We have explained many times on these pages why this plea for the FCC to conduct what, in effect, would amount to an old-fashioned rate case is a recipe for disaster. Usage-based billing plans are employed throughout the economy to enhance economic efficiency by using the price mechanism to allocate scarce resources, here limited bandwidth capacity. Employing price signals this way promotes overall consumer welfare. Not coincidently, to the extent Professor Crawford is really concerned about "fairness" to consumers, and not merely to Netflix, such plans may be fairer to consumers than non-usage-based plans because consumers' charges are more nearly aligned with the costs they impose on the network.
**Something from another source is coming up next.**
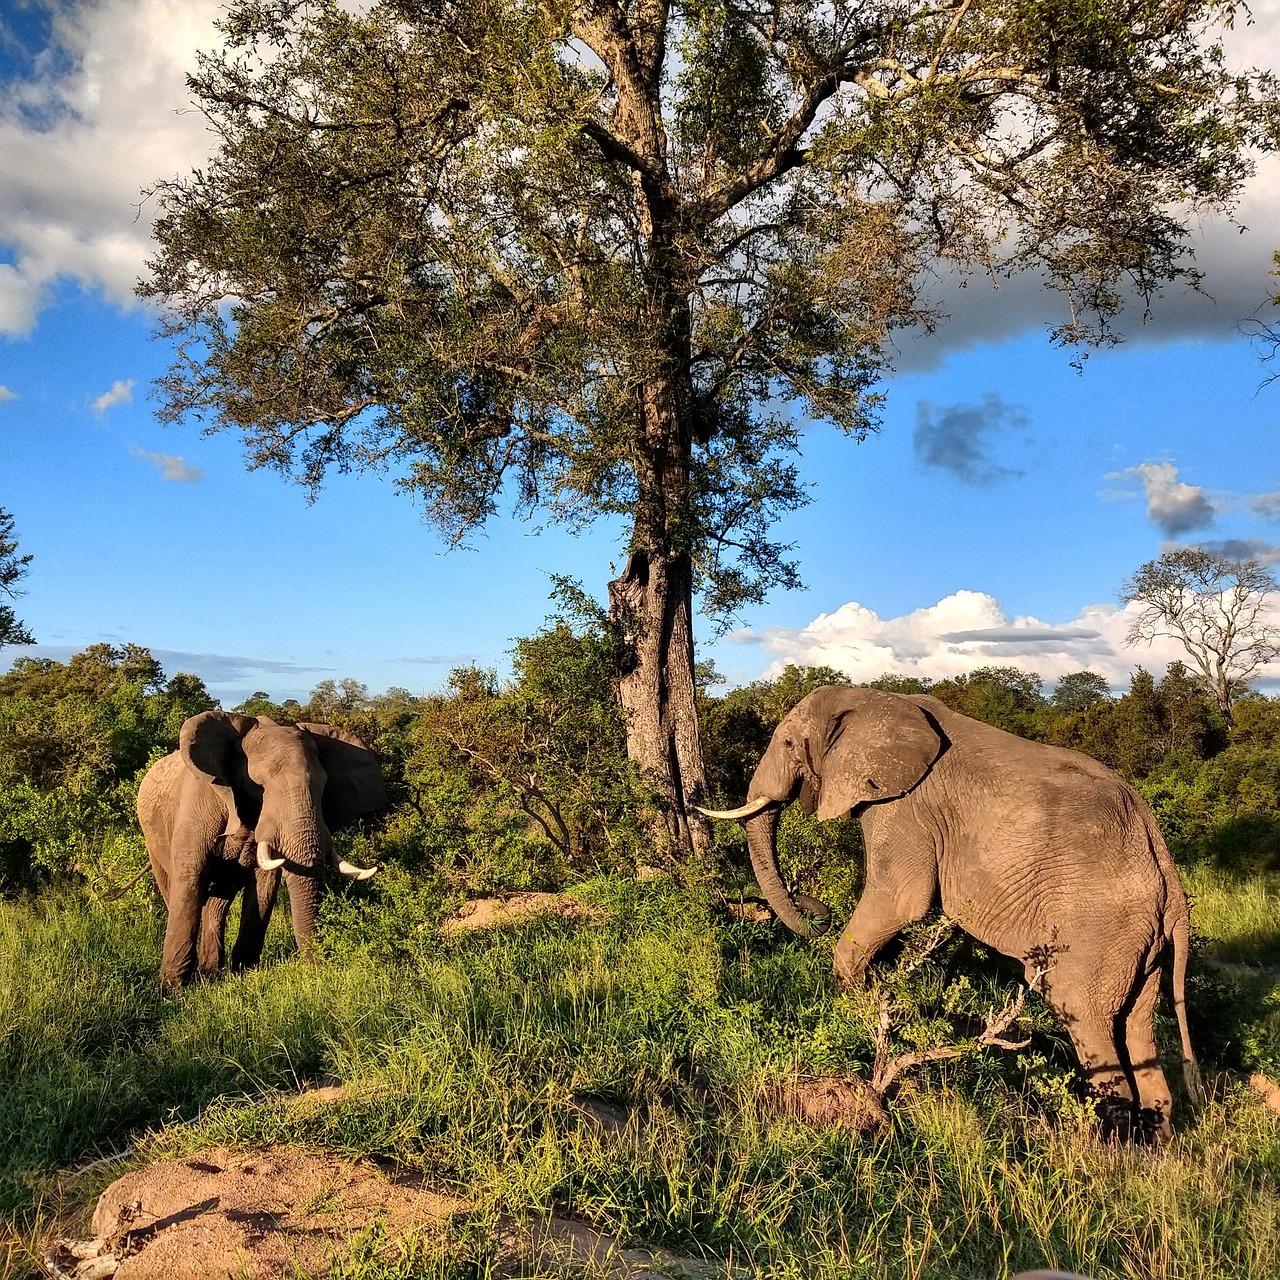 обитатели и природа в африке фото карандашом турции загрузили

Here I am just going to refer you to the recent FSF Perspectives published by Daniel Lyons, a member of FSF's Board of Academic Advisors, entitled "Why Broadband Pricing Freedom Is Good for Consumers." Please review.
Professor Crawford's single-minded focus on "fairness" for Netflix and others who ride on top of broadband operators' networks, and the supposed harm these "on-toppers" might experience under usage-based billing plans, means there is little acknowledgment that, having invested billions of dollars in building and maintaining their networks, broadband providers are entitled to a fair return on their invested capital.
Again, Professor Crawford's book is interesting and informative in many respects, especially with regard to some of the historical information concerning the companies and industry leaders she discusses. At times, it is even gossipy, and this can be entertaining.
But "Captive Audience" is fundamentally flawed because the call for public utility regulation of cable companies is based on an incorrect view of the market. Only by hypothesizing market developments that she predicts – wrongly in my view – will come to pass in the future is Professor Crawford able to construct an argument that provokes her reach back into history for ill-conceived remedial measures. The call for public utility regulation may have been appropriate for the early analog-era of Theodore Vail and the late nineteenth century's railroad magnates. But Professor Crawford's plea to apply such utility regulation to broadband providers operating in today's dynamic digital environment should be rejected.